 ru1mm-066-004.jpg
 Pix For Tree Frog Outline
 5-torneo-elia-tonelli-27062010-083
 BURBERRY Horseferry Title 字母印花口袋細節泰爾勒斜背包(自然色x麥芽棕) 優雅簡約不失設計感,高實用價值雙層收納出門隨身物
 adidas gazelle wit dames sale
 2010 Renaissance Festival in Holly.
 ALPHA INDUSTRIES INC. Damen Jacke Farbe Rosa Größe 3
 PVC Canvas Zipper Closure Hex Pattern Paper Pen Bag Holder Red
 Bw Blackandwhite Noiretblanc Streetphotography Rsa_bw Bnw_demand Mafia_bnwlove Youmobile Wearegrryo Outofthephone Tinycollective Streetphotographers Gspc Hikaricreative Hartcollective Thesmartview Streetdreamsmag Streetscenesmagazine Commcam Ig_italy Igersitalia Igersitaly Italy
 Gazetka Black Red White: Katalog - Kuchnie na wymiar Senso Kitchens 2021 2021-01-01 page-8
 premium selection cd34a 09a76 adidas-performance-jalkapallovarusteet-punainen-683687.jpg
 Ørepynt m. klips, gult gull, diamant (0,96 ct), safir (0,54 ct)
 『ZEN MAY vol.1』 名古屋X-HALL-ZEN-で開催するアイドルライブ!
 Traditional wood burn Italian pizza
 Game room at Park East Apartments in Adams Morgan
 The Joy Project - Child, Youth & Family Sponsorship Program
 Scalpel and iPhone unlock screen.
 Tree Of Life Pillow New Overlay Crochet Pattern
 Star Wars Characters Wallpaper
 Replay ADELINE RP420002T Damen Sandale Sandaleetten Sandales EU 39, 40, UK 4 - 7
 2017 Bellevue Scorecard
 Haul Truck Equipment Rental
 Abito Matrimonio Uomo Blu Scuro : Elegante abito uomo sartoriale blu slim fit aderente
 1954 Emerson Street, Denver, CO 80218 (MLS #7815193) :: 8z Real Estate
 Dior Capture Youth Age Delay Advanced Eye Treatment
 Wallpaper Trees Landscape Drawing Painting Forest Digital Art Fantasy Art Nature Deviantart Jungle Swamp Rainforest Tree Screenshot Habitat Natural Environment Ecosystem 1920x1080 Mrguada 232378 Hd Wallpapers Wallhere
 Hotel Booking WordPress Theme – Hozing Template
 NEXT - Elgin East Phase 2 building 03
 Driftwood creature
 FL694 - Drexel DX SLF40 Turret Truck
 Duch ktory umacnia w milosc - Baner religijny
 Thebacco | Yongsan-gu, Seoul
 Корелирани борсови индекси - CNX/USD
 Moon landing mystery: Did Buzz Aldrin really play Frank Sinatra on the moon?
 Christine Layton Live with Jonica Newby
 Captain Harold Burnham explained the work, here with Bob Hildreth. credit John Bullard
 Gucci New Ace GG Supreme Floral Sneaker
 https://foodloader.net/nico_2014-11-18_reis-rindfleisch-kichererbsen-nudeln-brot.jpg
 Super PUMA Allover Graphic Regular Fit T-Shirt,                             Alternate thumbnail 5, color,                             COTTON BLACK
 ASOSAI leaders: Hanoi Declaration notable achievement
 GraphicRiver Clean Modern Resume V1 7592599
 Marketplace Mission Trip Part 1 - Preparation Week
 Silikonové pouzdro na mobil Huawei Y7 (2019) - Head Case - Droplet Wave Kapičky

→ TASK REQUIREMENTS
Only the lines from the one with "GraphicRiver Clean Modern Resume V1 7592599" to the end of the listing are wanted. Print them exactly, keeping both ends.

→ YOUR RESPONSE
 GraphicRiver Clean Modern Resume V1 7592599
 Marketplace Mission Trip Part 1 - Preparation Week
 Silikonové pouzdro na mobil Huawei Y7 (2019) - Head Case - Droplet Wave Kapičky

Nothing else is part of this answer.